Понимал ли он? Черти адовы! Естественно!
Воображение мгновенно воскресило в памяти самый страшный день в его жизни. День, когда он выл от боли, точно безумное животное, и сжимал в руках безжизненное тело Егора. Когда раз и навсегда прикрыл другу веки, провожая его в последний путь и проклиная все на свете.
— Знаешь же, мне это знакомо…
Пашка понял без слов. Только кивнул, подтверждая.
— Найти бы способ приглушить, да? Хоть на миг.
— Имеется такой, — хмыкнул он, извлекая из кармана пачку сигарет и протягивая Соколу. — Месть. И никотин.

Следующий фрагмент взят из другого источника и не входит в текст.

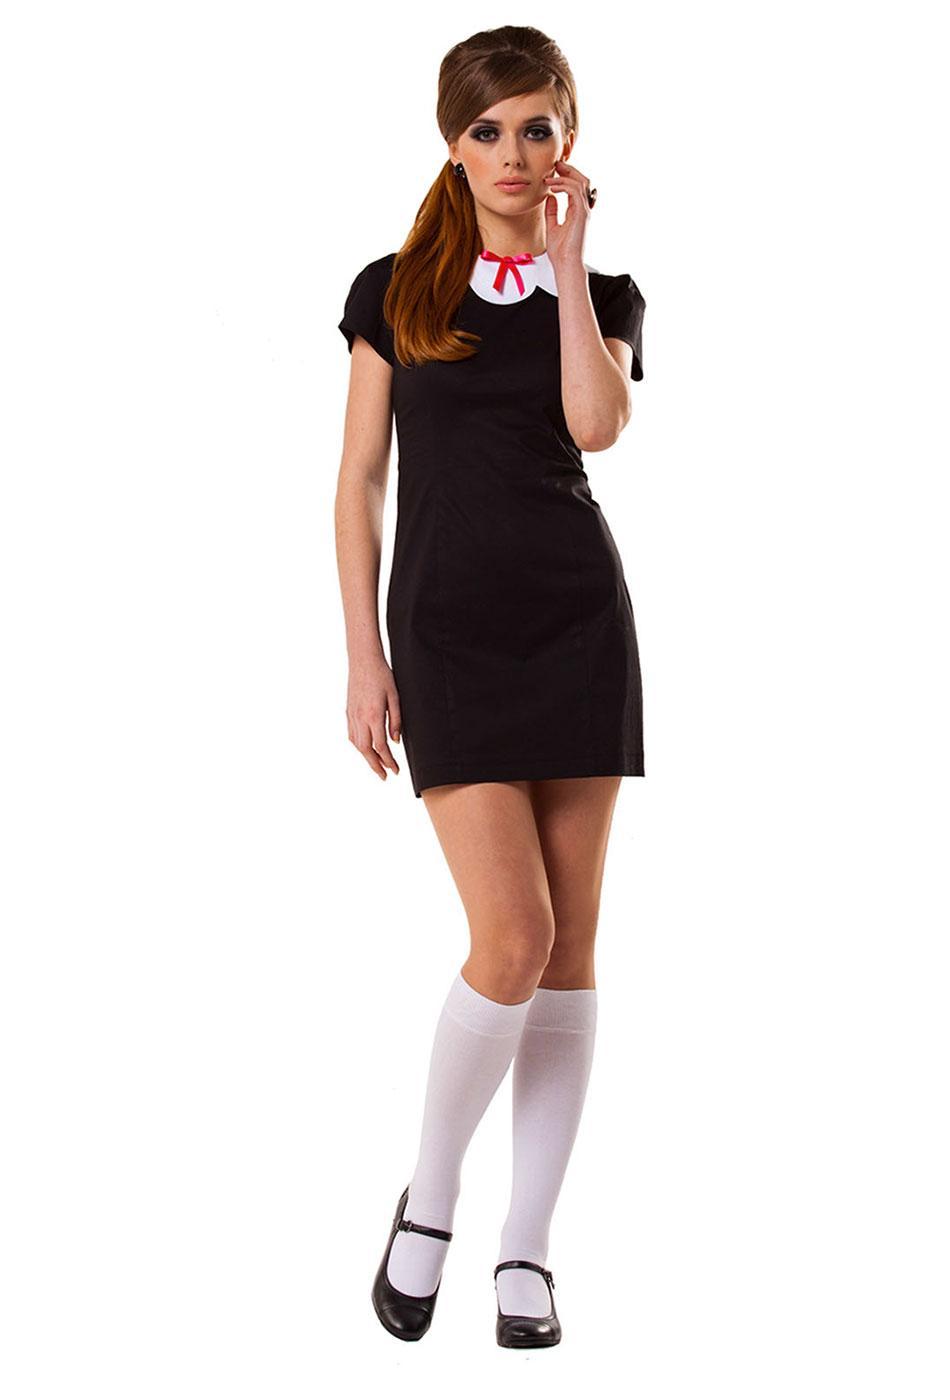 MARMALADE 60s Mod Fitted Scallop Collar Dress B/W

— Помогает? — чиркнул зажигалкой.
— Нет. Но отвлекает и облегчает муки совести, — табачный дым обжег легкие после новой жадной затяжки. — Временно.
— А дальше что?
— Научишься с этим жить.
— Обнадеживает.
— Проверено!
Сокол похлопал Похомова по плечу:
— Спасибо, брат!
Мужчина только кивнул в ответ. Мол, не за что.
— Прости, что усомнился в тебе. Я сам не свой, как видишь.

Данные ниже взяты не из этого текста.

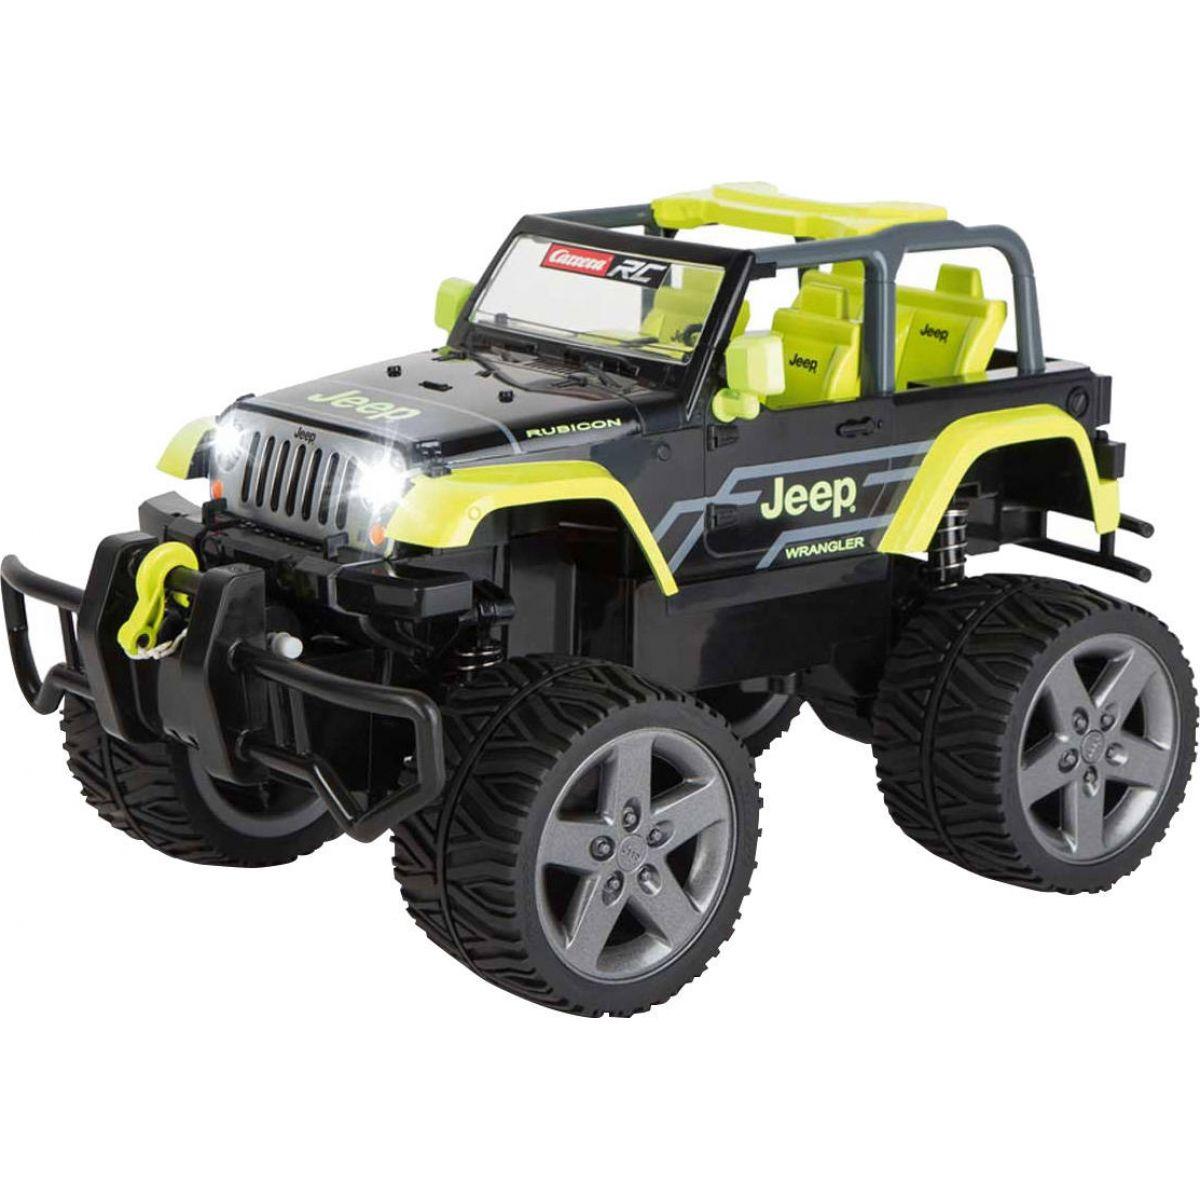 Carrera RC auto Jeep Wrangler 1:16

Дальше они курили молча, изредка бросая косые взгляды на стоящую в стороне девушку. Первым затушил окурок Пашка:
— Какой смысл ты видишь в этой многоходовке?
Дмитрий оперся бедром на капот автомобиля, задумчиво разглядывая друга.
— По сути, мне нужна только его реакция на девку. Не более.
— И что тебе даст эта реакция?
Многое. Очень многое. А если повезет, то и основной рычаг давления на Макара.
— План дальнейших действий.
— Ты меня пугаешь! Какой еще, на хрен, план?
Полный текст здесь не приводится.